Storing all your thousands of emails in invididual files is like not 
having a home with a front door, but rather living on a grass field of 20x 
40 meters and distributing all your possessions along that field. It 
doesn't contain anything and containment is important. On the level of the 
filesystem, those 20-60k files you might have in your mail are not 
organized at all, they are all just inodes in the inode blocks and 
whatever distribution and possible dispersion they might have along your 
actual disk.

When I first heard of maildir (on the OfflineIMAP front page) (or actually 
just moments before somewhere else) I didn't even know what it was, only 
that it wasn't any good. That was my immediate knowledge. My intuitive 
knowing. And learning what it was, and is, it became immediately clear 
that it was the very same thing as that which caused me to lose those 
emails.

Because I started storing my emails as individual files, in my deeper 
mind, so to speak, they started to lose the sense of being one integral 
collection. They became those dispersed objects on the grass fields. And 
it should come as no surprise that if you organize your possessions that 
way, you will end up losing parts of them and you won't even notice. How 
could you notice? You'd have to scan the entire field or area to know if 
everything is still there.

And all of this is just psychological. It caused me to become unattentive 
and lose my grasp on the containment of my integral datastore of emails. 
And the direct physical result of that was losing entire months of email 
due to a Thunderbird bug, most likely.

Heh, I was so happy (or thought I was) with that IMAPSize program that I 
immediately made a donation to that developer/person/guy. But the (paypal) 
money was never accepted, and even though PayPal itself doesn't offer any 
ways or tools of getting that money back, I just reversed the payment 
through my bank. I need to correct this mistake or several important deals 
with some sellers of certain goods will fall flat on their faces. Without 
the emails that have led up to this point in time, and this point in the 
interactions, I can never complete the deals and the interactions and they 
are just going to ignore any requests I make of them.
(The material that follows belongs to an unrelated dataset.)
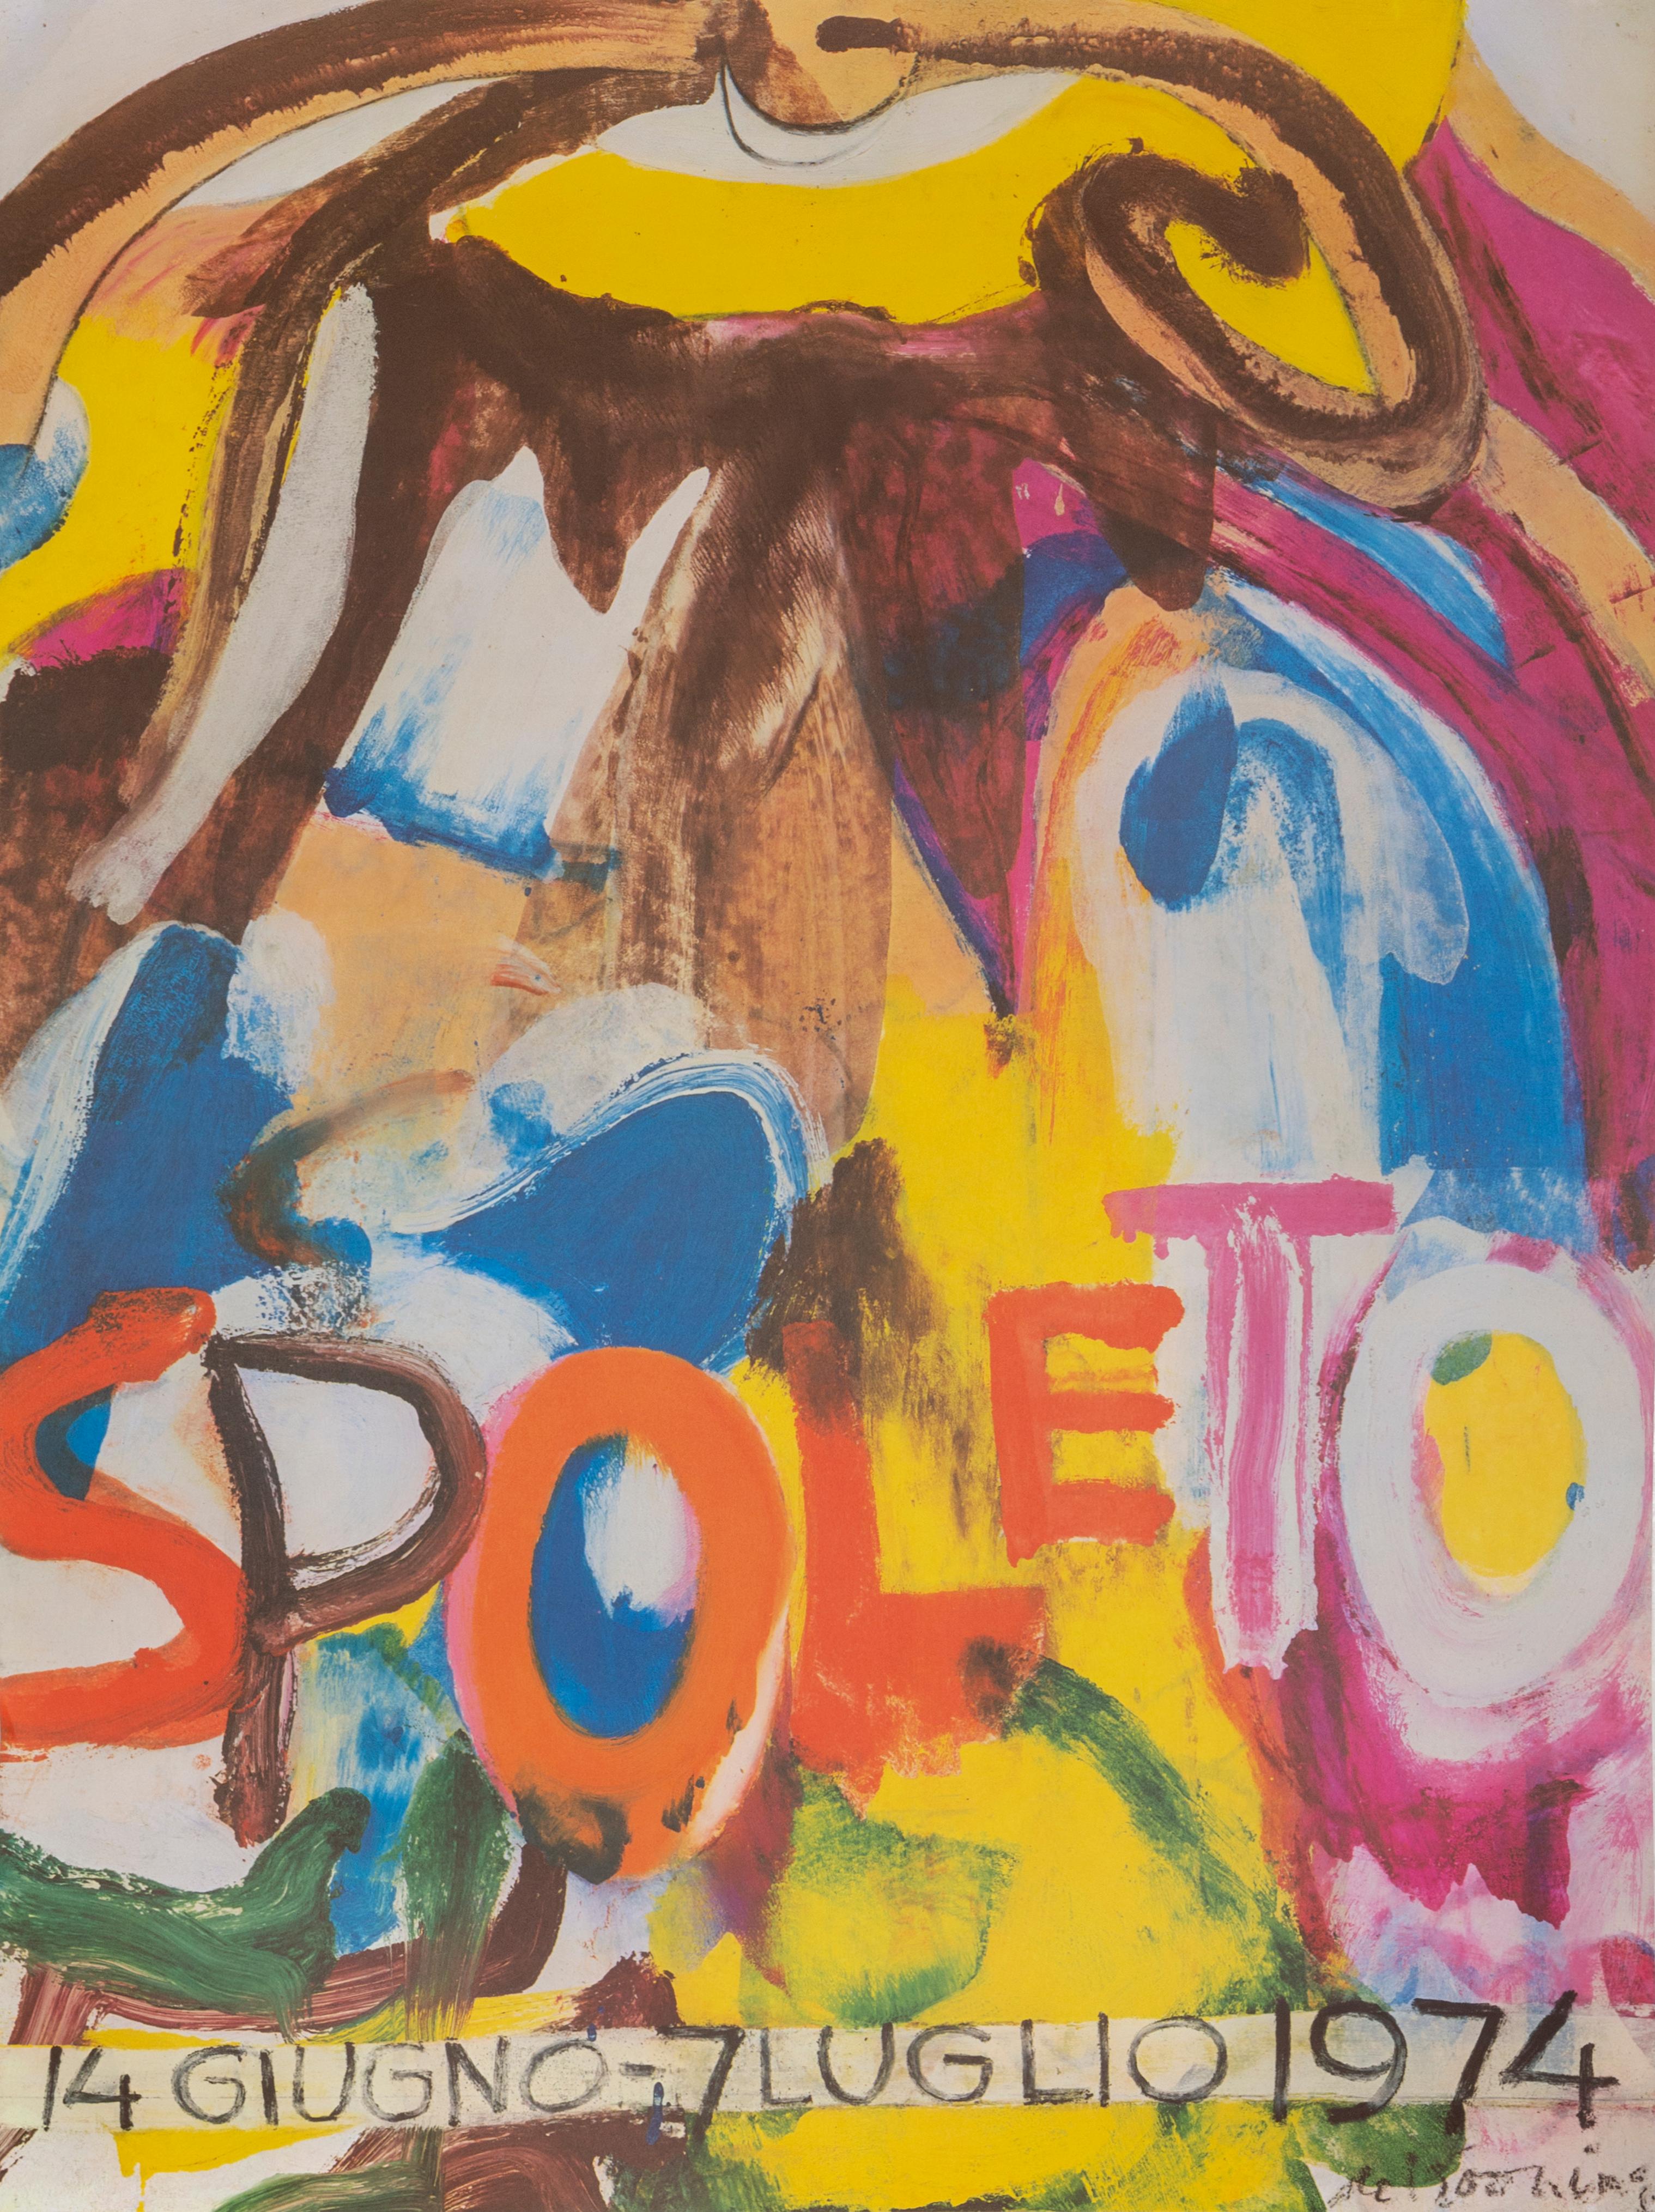 Willem de Kooning Abstract Print - Spoleto
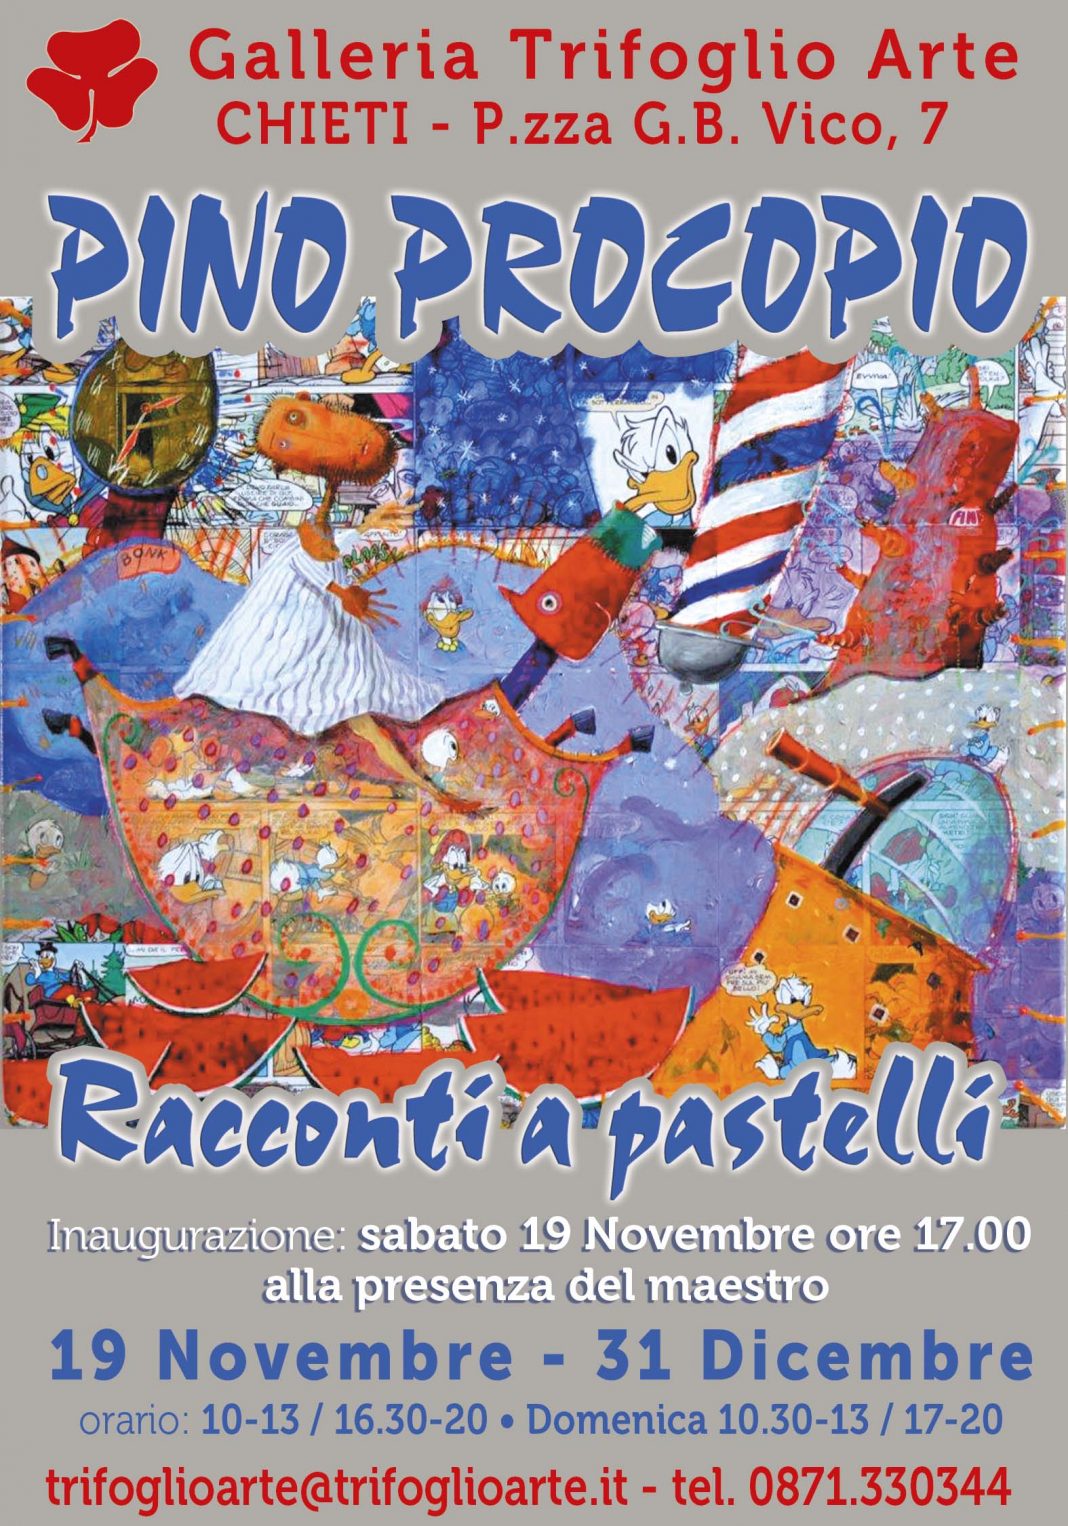 Pino Procopio – Racconti a pastellihttps://www.exibart.com/repository/media/eventi/2016/11/pino-procopio-8211-racconti-a-pastelli-1068x1526.jpg

So, mentally and spiritually speaking, I'm just going to reverse 
everything I've done and remove my investment in that IMAPSize program, to 
begin with. But naturally I still need a different and another solution 
and I know it is going to be OfflineIMAP. When I see the code, and the 
commit(s), my immediate impression is that the developers are inspired.

I will need to get it running on my Synology NAS. But being Python, it 
probably won't be so hard. I haven't done much in Python up to this date, 
just some GTK2 tryout thing for turning an old MS-DOS Qbasic thing of mine 
into something a little more modern ;-).

And it's not like I have a shortage of projects... right now I have at 
least 4 programming things I'm working on. But one of them is going to 
involve Python at some point anyway. One is just PHP hacking of a wiki 
solution. One is a little Java server application that I want to marry to 
Python as well with Java doing the structural fool-proof and resilient 
'platform' execution while python would do a form of scripting that I need 
for it. Not sure how to do that yet. There are probably libs that I could 
use to have a regular python interpreter provide a form of 'embedded' 
scripting environment within the server. Preferably not through any 
command line or inter-process communication but a real compiled library.

And then there is another thing I want to do for the Synology platform 
involving probably regular C no matter how much I hate it... something 
that will have to use nCurses and in fact I now see that I will have to 
use Perl for that. Python would not be robust enough on a systems level.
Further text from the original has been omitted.